▶ **Assignment**: An exact copy of all the data below is needed, without its pictures.

▶ **Input data**:
[Start of section]

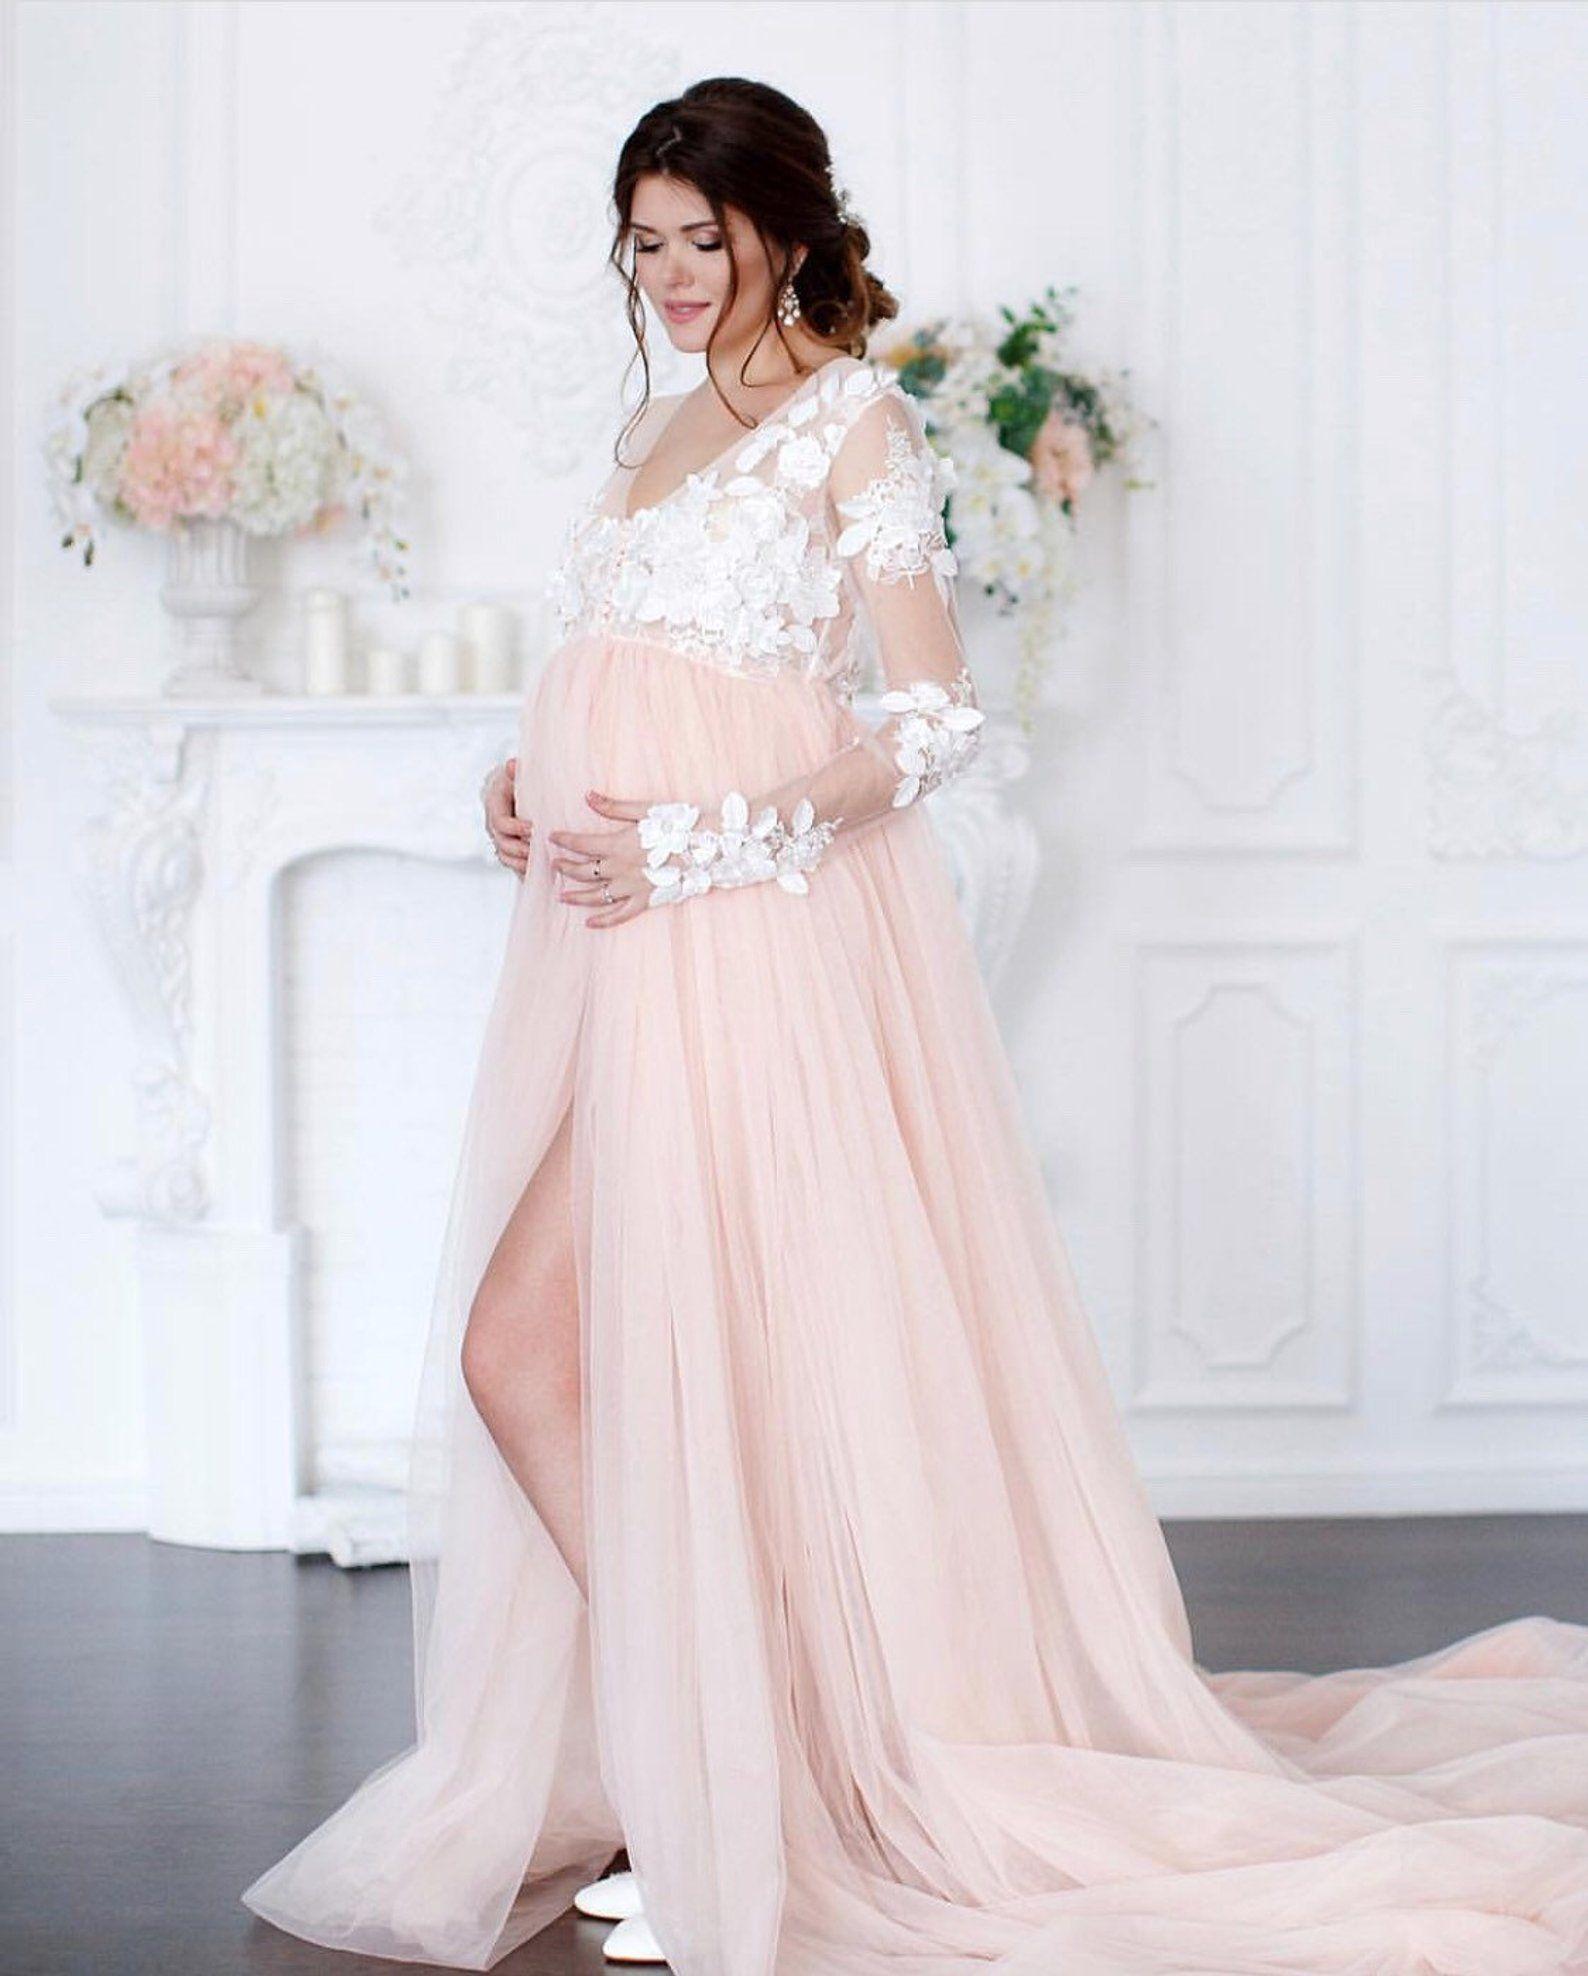 5330a78189 Photoshoot maternity Gown Lace Maternity Dress Maternity Photo ...
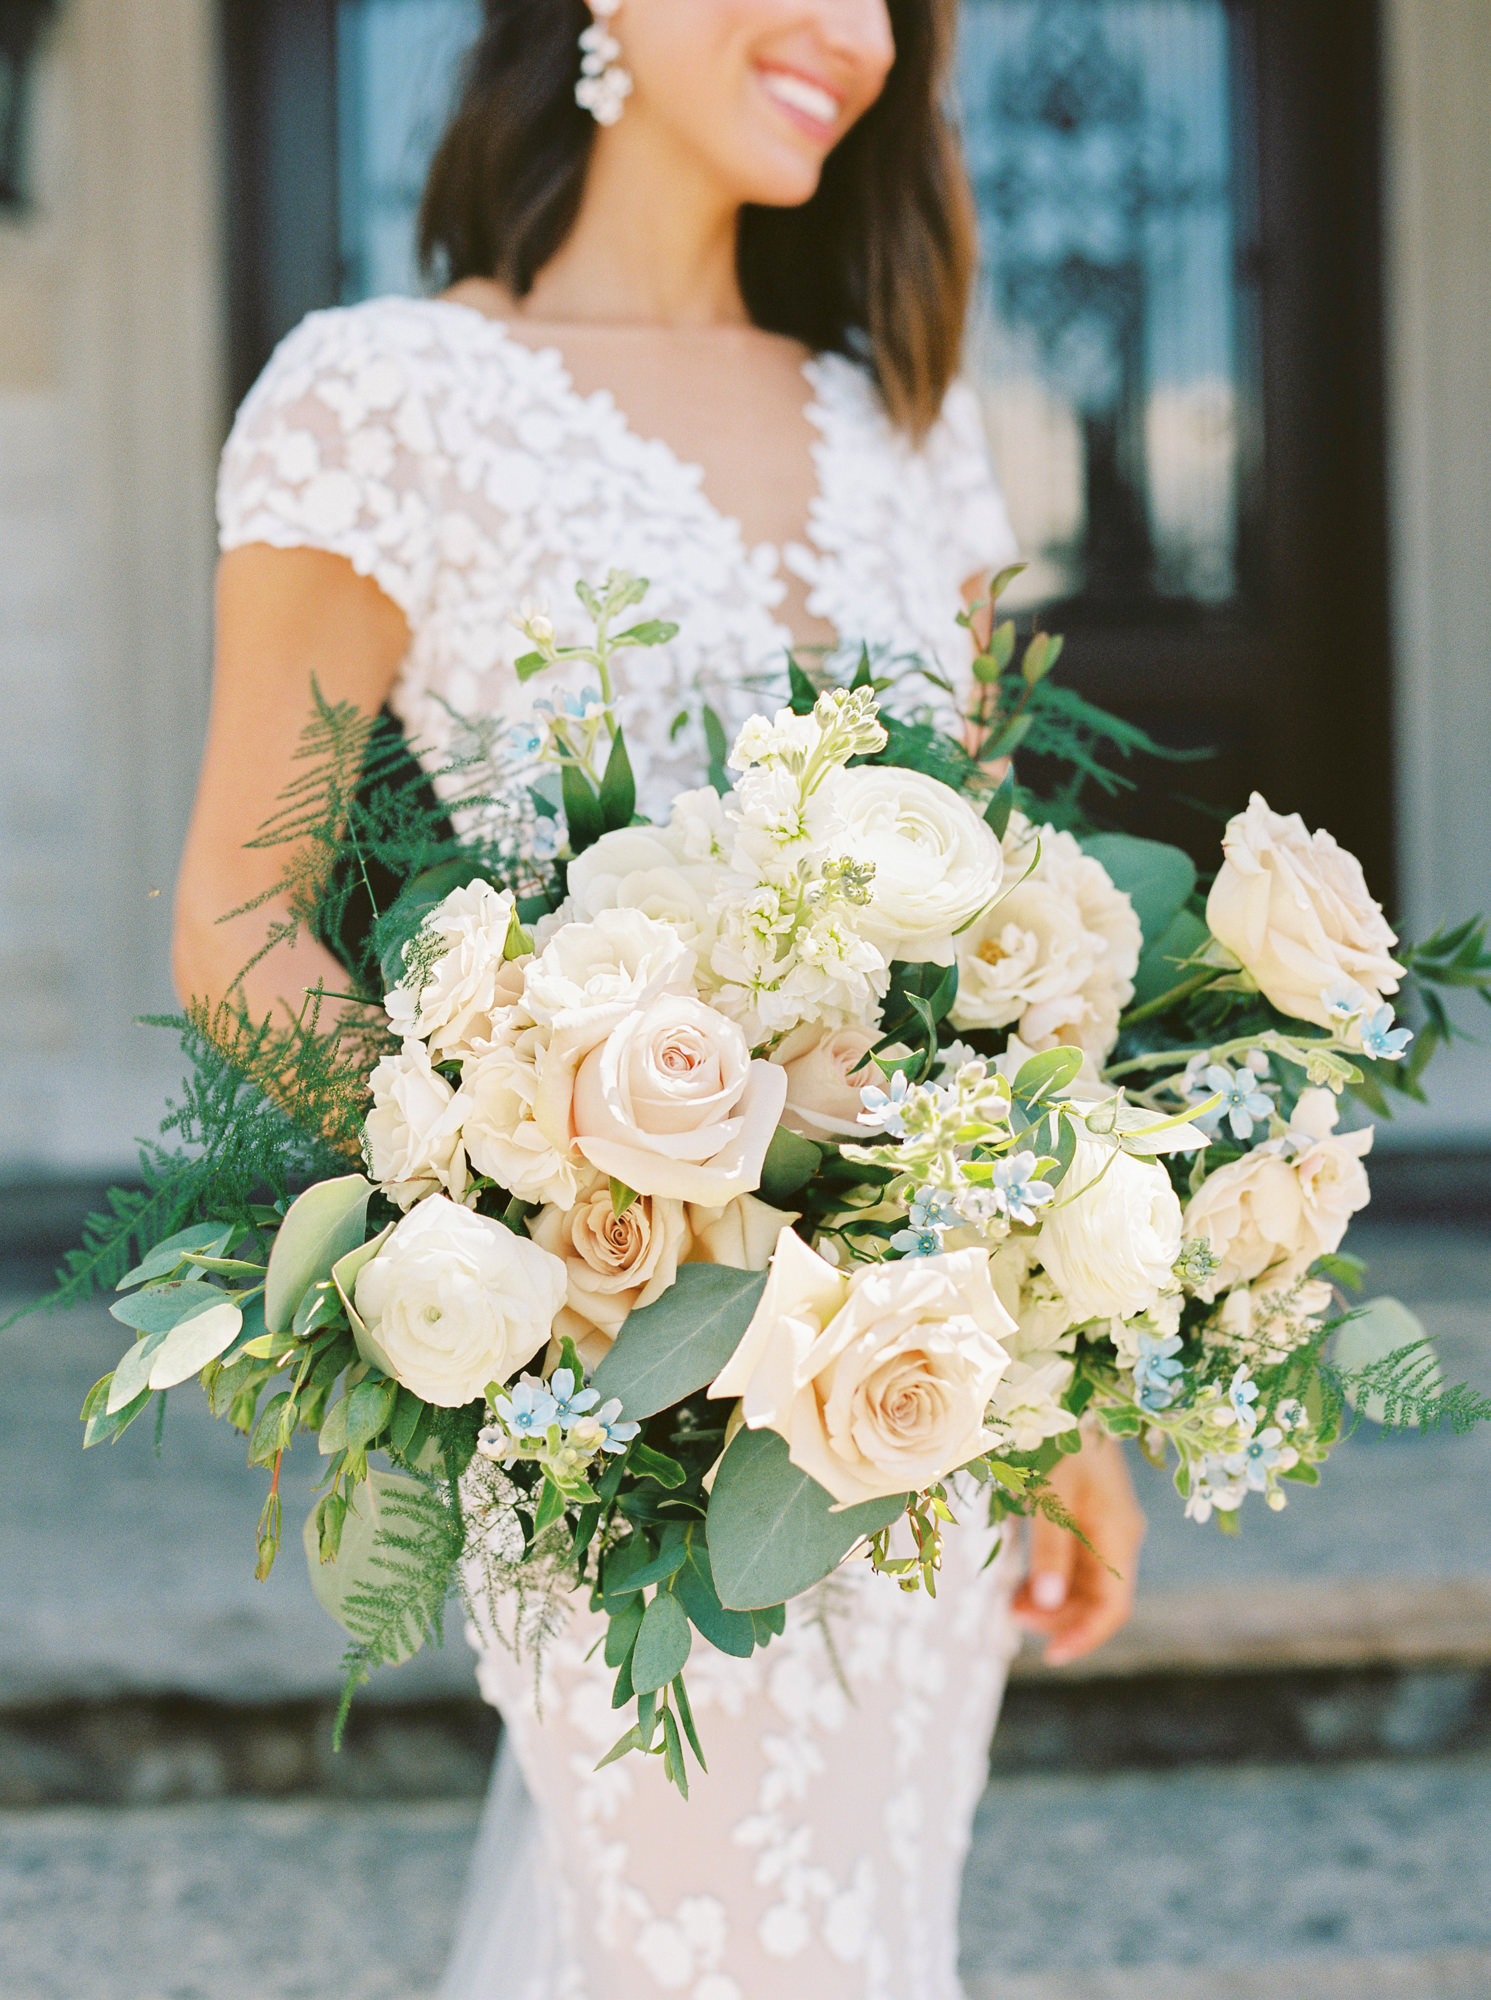 roses, ranunculus, blue tweedia, and greenery bridal wedding bouquet
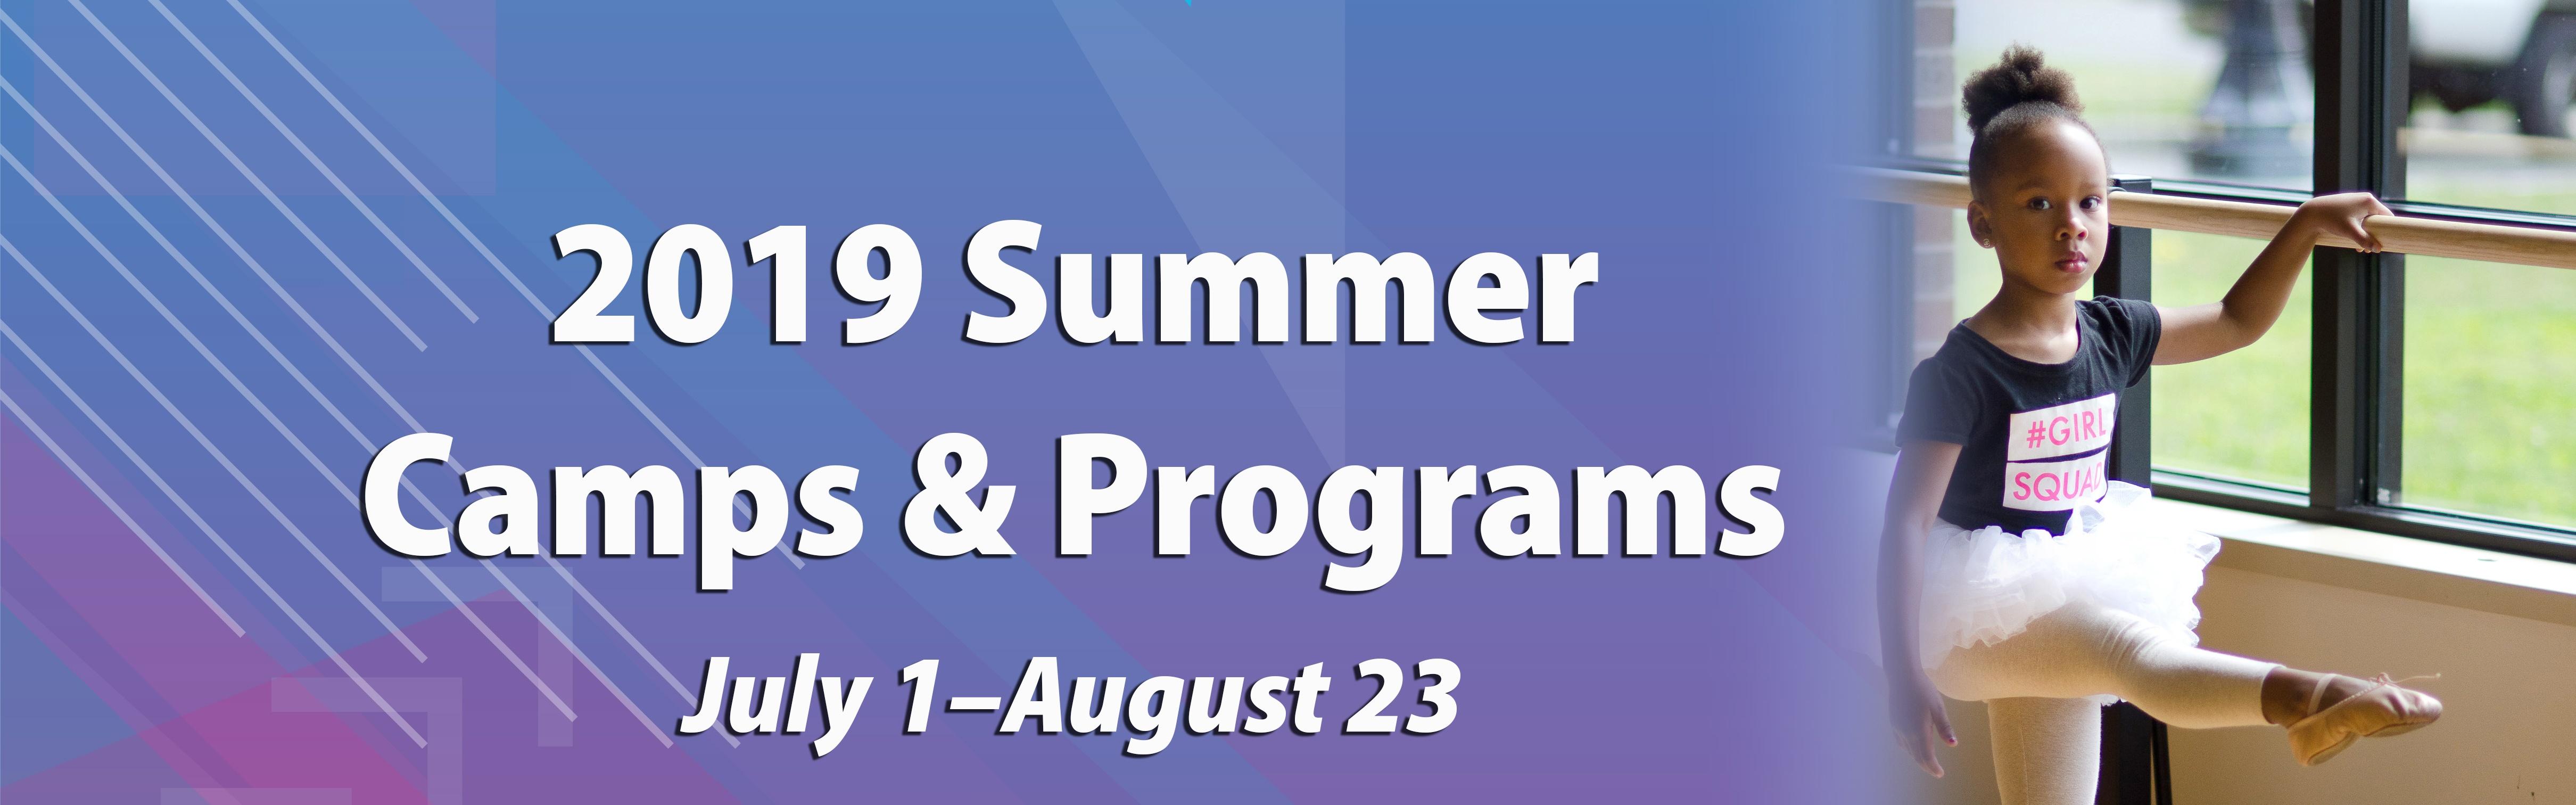 2019 Summer Camps & Programs

[End of section]

▶ **Problem solution**:
 5330a78189 Photoshoot maternity Gown Lace Maternity Dress Maternity Photo ...
 roses, ranunculus, blue tweedia, and greenery bridal wedding bouquet
 2019 Summer Camps & Programs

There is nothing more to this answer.